Raymond complied that day and the column was reprinted more than any other single piece the paper had ever caused to be syndicated and the toll charges for the call to London were absorbed by the syndicate without the slightest demurral. The column read, in part: “I have known John Yerkes Iselin to be an assassin and a black-guard since my boyhood. He lives by attacking. He is the cowardly assassin in politics who strikes from the dark and evil alley of his opportunism. With no exceptions, the justifications for these attacks have been so flimsy as to have no standing either in courts of law or in the minds of individuals capable of differentiating repeated accusation from even a reasonable presumption of guilt. The ultimate result is a threat to national security. Iselin is laying a foundation for the agencies of American government to serve totalitarian ends rather than the Government of the United States as we have hitherto known it.”

Raymond insisted upon reading the dispatch to his mother before he sent it off. He read it in a monotone with a stony face, fearful of the response it would bring. “Oh, for crissake, Raymond,” his moth
er said, “what do you suppose I’m going to do—sue you? I know you aren’t asking me, but send the silly thing. Who the hell reads beyond the headlines anyway?” She waved him away contemptuously. “Please! Go cable your copy.

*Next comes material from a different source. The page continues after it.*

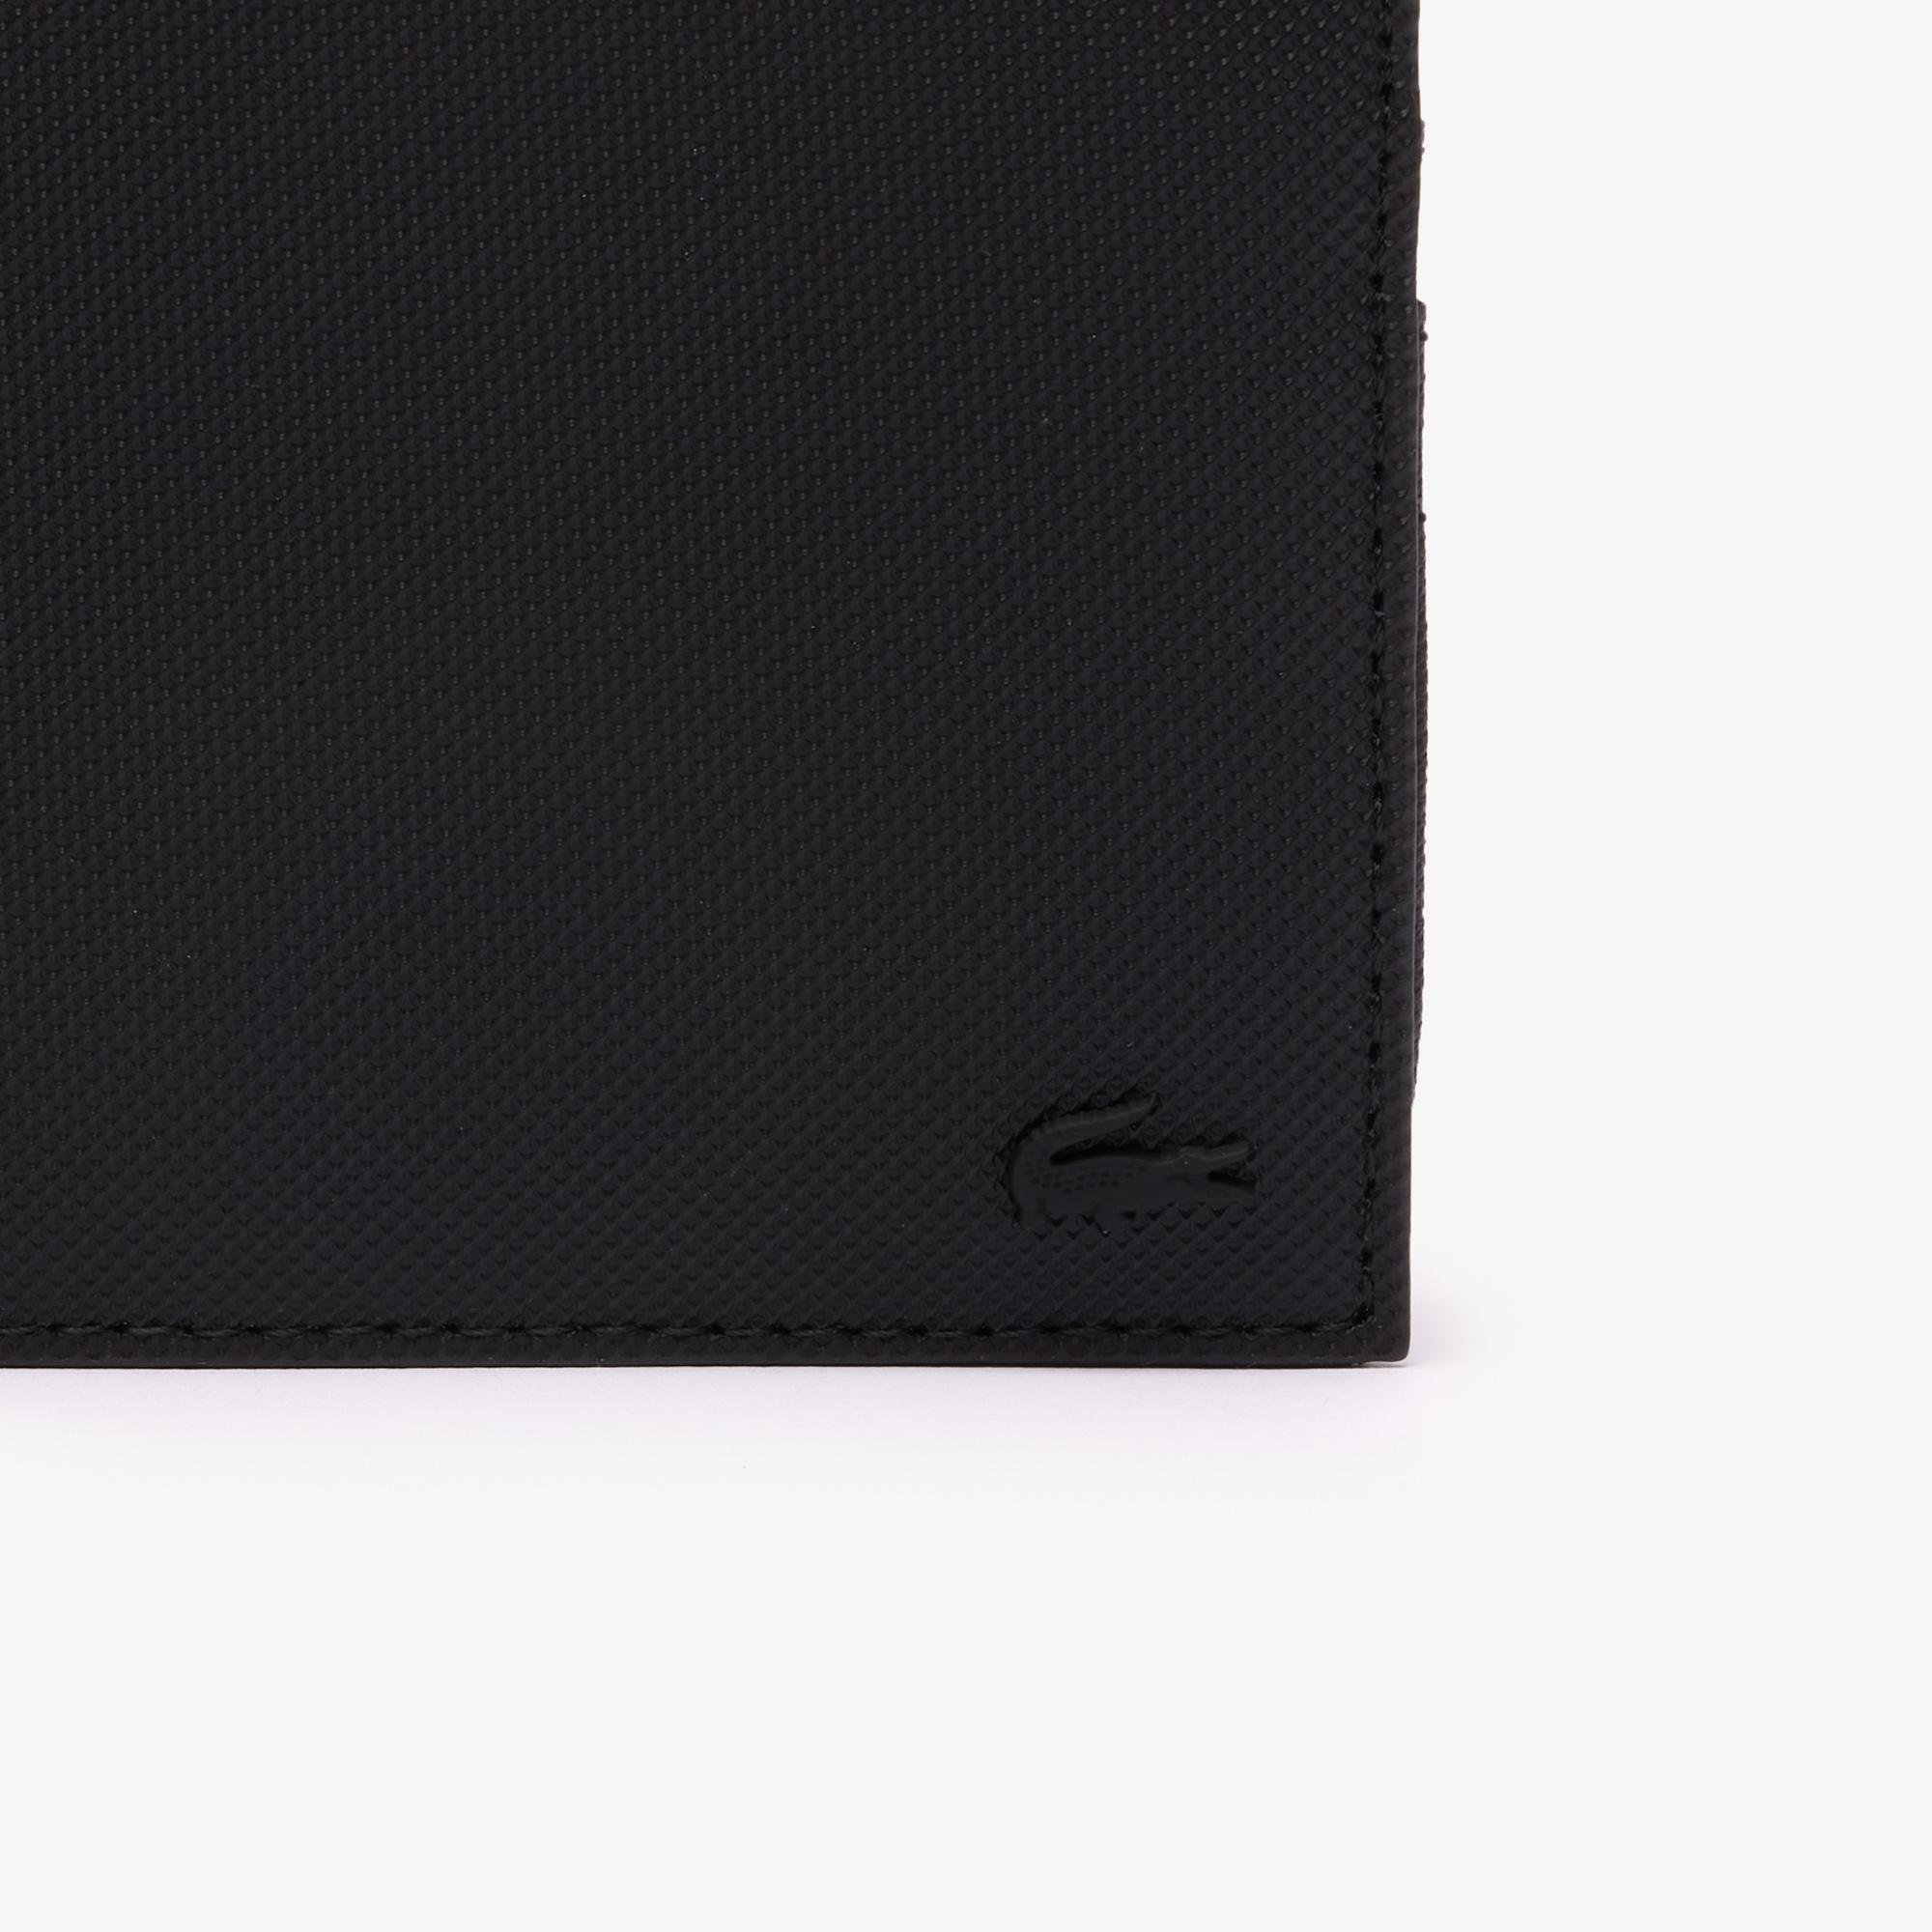 Lacoste Men's Classic Medium Folding Wallet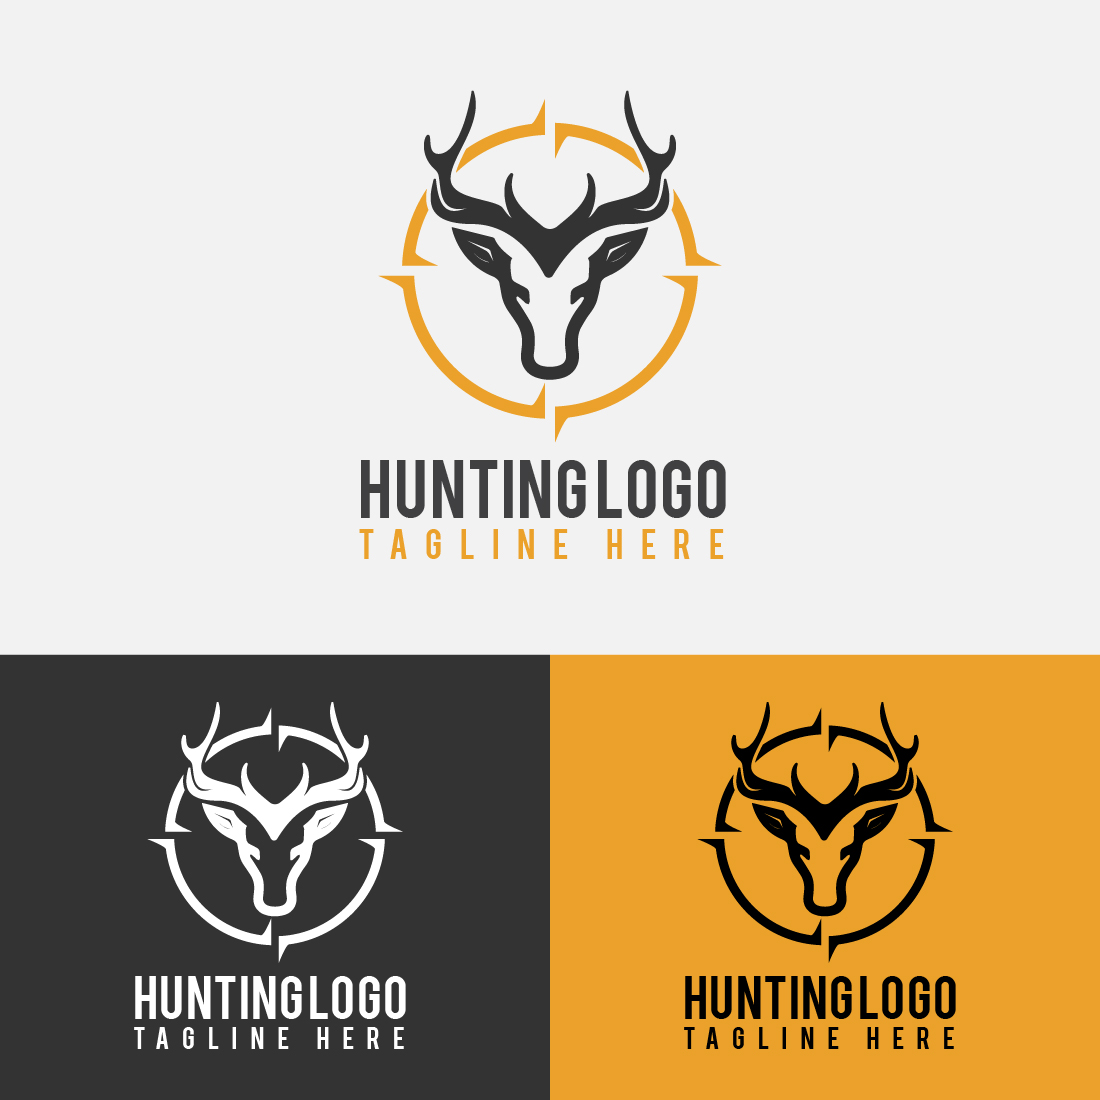 Deer Hunting Logo Design Template cover image.

I’m busy.”

Raymond was unaware of being in an anomalous position in London after his column on Johnny and his mother appeared in the States. It was reprinted in the English newspapers at once. Writing of his mother’s part in what he termed their “conspiracy of contempt for man,” Raymond had described her as “a caricature of the valiant pioneer women of America who loaded the guns while their husbands fought off the encircling savages” in that he saw his mother and Johnny as the savages and “if a nation’s blood is its honor and its dignity before the world, then that blood covered their hands.” This appeared to be in direct opposition to basic policies of some British newspapers that had made a pretty pound indeed out of that steely treacle of Home and Mother, so that at least a portion of the press that attended Raymond’s mother’s farewell conference at the Savoy Hotel viewed Raymond not at all enthusiastically. Had they been able to measure how Raymond viewed them, as he viewed all the world, the shooting would have started, straight off. On the other hand, another section of the British press so detested Senator and Mrs. Iselin that it quite approved of Raymond’s attack upon his mother, although it would not, of course, ever permit itself to print that view.